Когда моряк на берегу,
Все девушки бегут к нему…
Что опьяняет сильнее вина?
Женщины, лошади,
Власть и война.
«В море — значит, дома», — вспомнил Анжу любимую присказку адмирала Макарова, но сразу же подумал, что главное все же остается на земле. Пусть даже вместо родных российских осин вокруг торчат быстро надоевшие пальмы. А воздух слишком горяч и влажен. Да и надоедливых дождей выпадает больше, чем осенней российской порой. Не повезло команде «Алмаза» оказаться в этих забытых богом местах в самый влажный сезон. И никуда не денешься — ремонт боевых повреждений уже почти закончился, когда внезапно всплыла непонятная поломка в машинах. Причем настолько серьезная, что крейсер фактически поставили на прикол не менее чем на полгода. Экипаж, конечно же, сразу растащили на другие корабли, ведь потери после сражения у острова надо было пополнять. Иван Иванович[30] почти сразу перевели на должность командира броненосного крейсера «Юрий Долгорукий» и он забрал с собой большинство строевых офицеров. Сам Анжу в результате оказался на должности временно исполняющего делами командира «Алмаза», а на его место назначили лейтенанта Саблина.

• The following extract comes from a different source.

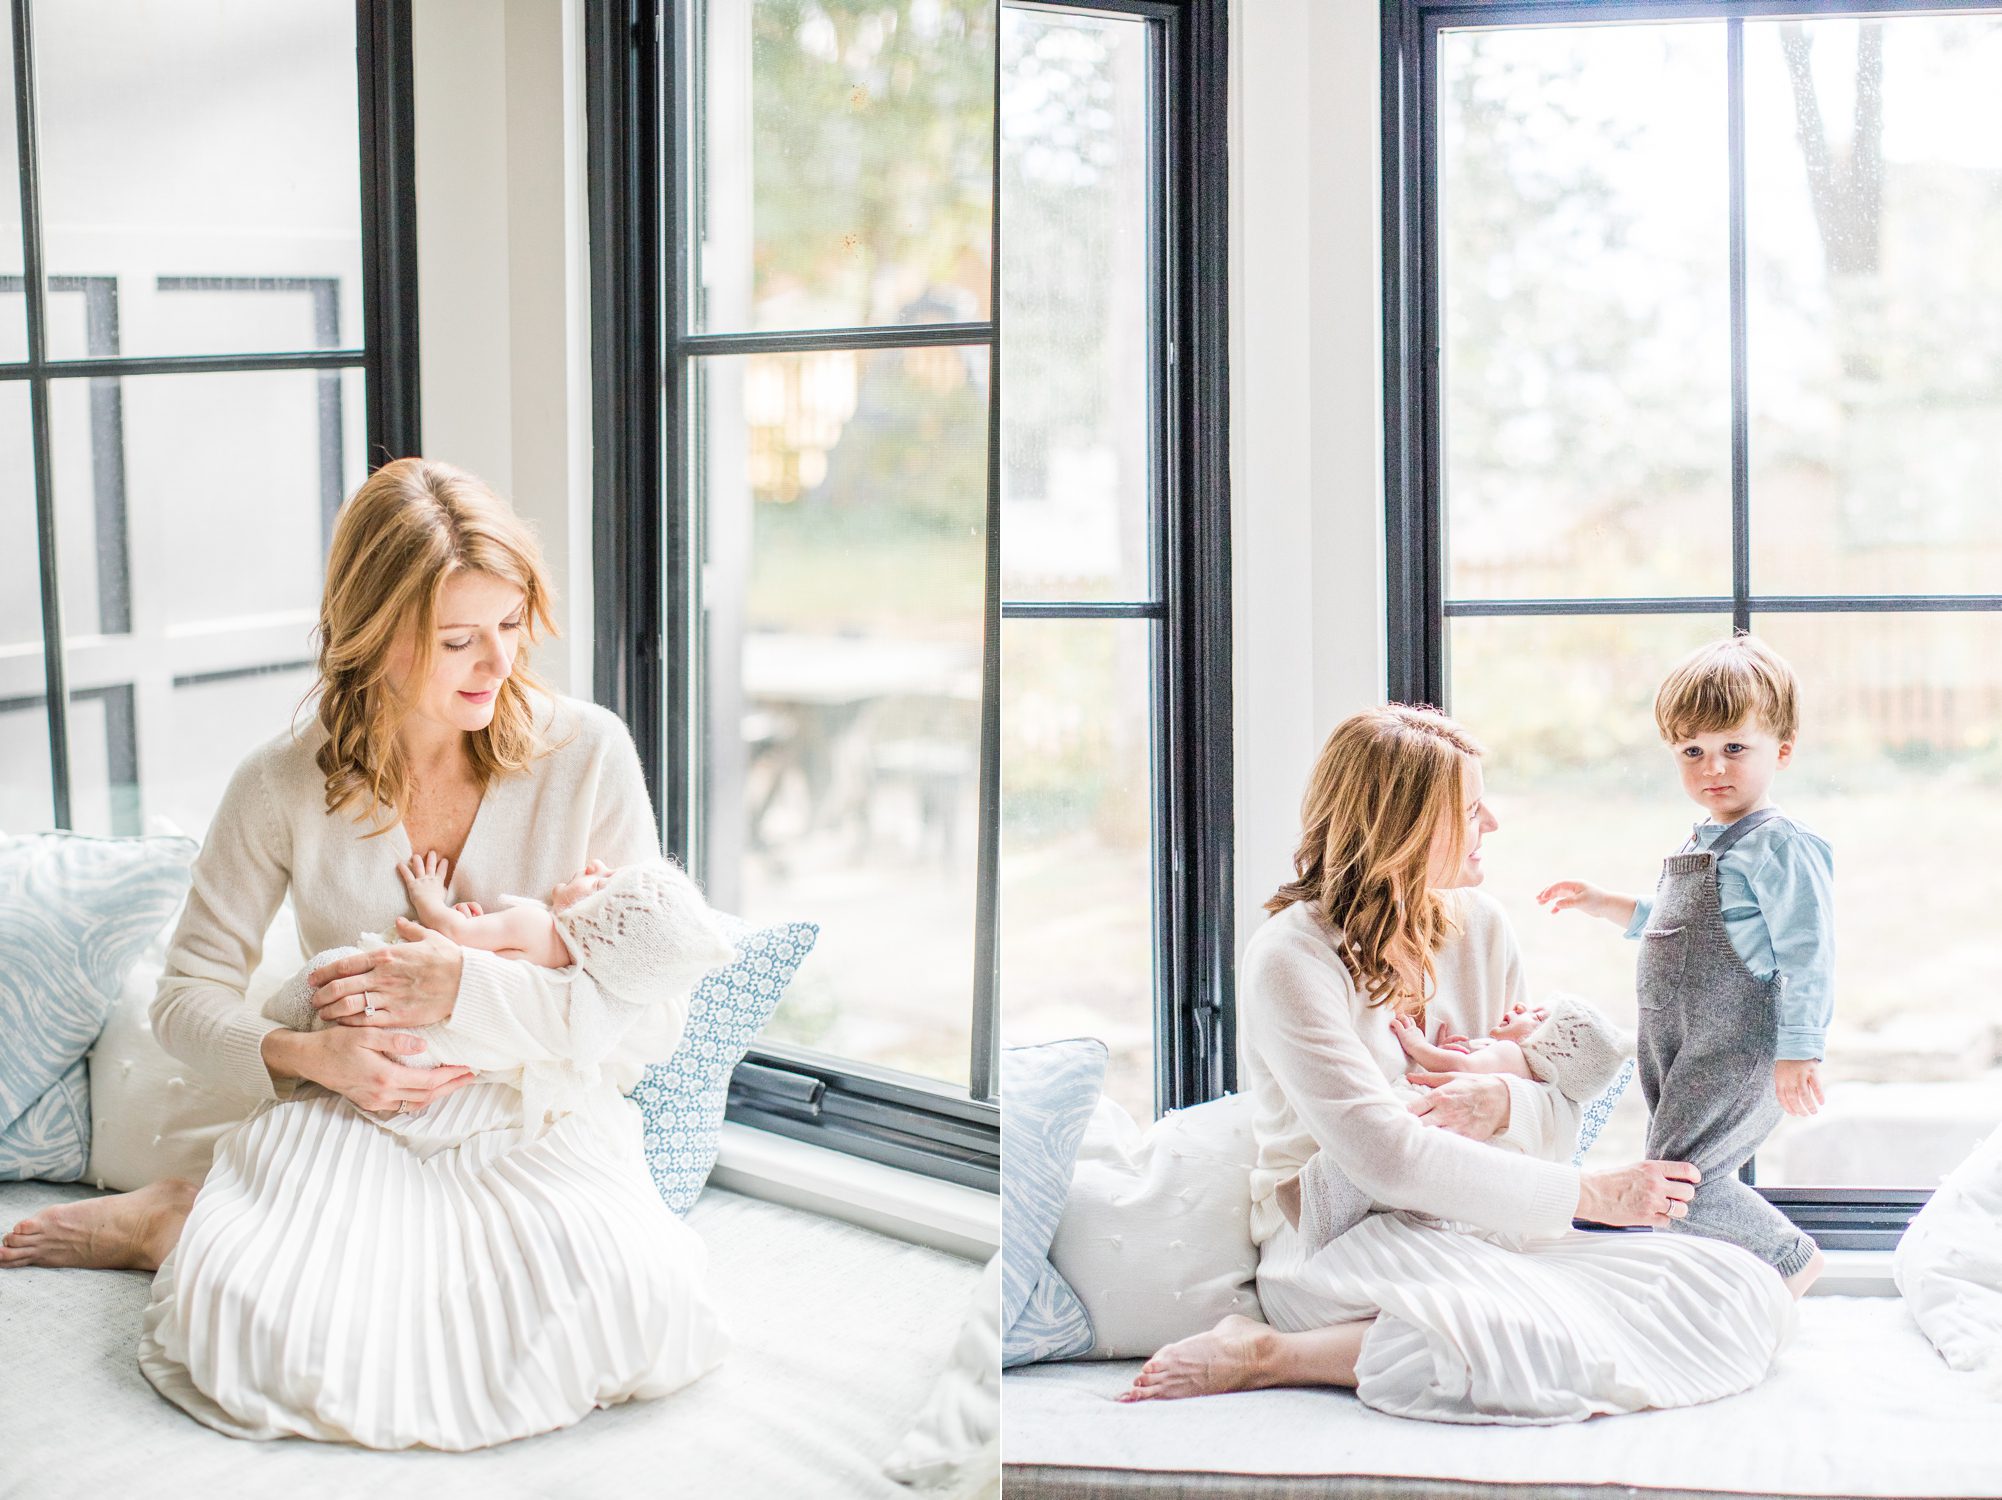 Mom sitting at window seat with baby and toddler during newborn session. Photos by LRG Portraits.

В результате свободного времени у Петра оказалось больше, чем ранее. Вот только заняться в этом городке, по сравнению с которым Кронштадт или даже теткина деревня возле какого-нибудь провинциального Саратов[31] выглядели культурными столицами. Здание Морского Собрания и театра Анжу, как ему казалось, выучил уже наизусть и снаружи, и изнутри. Как и репертуар местной труппы и даже песни играющих на улице бродячих музыкантов. Причем последние, к удивлению Петра, пели не только испанские и местные, но и русские романсы и песни. Причем почти без акцента. Вот только дожди разогнали и бродячих музыкантов, которые стали редко появляться и в дни с нечасто наступающей хорошей погодой.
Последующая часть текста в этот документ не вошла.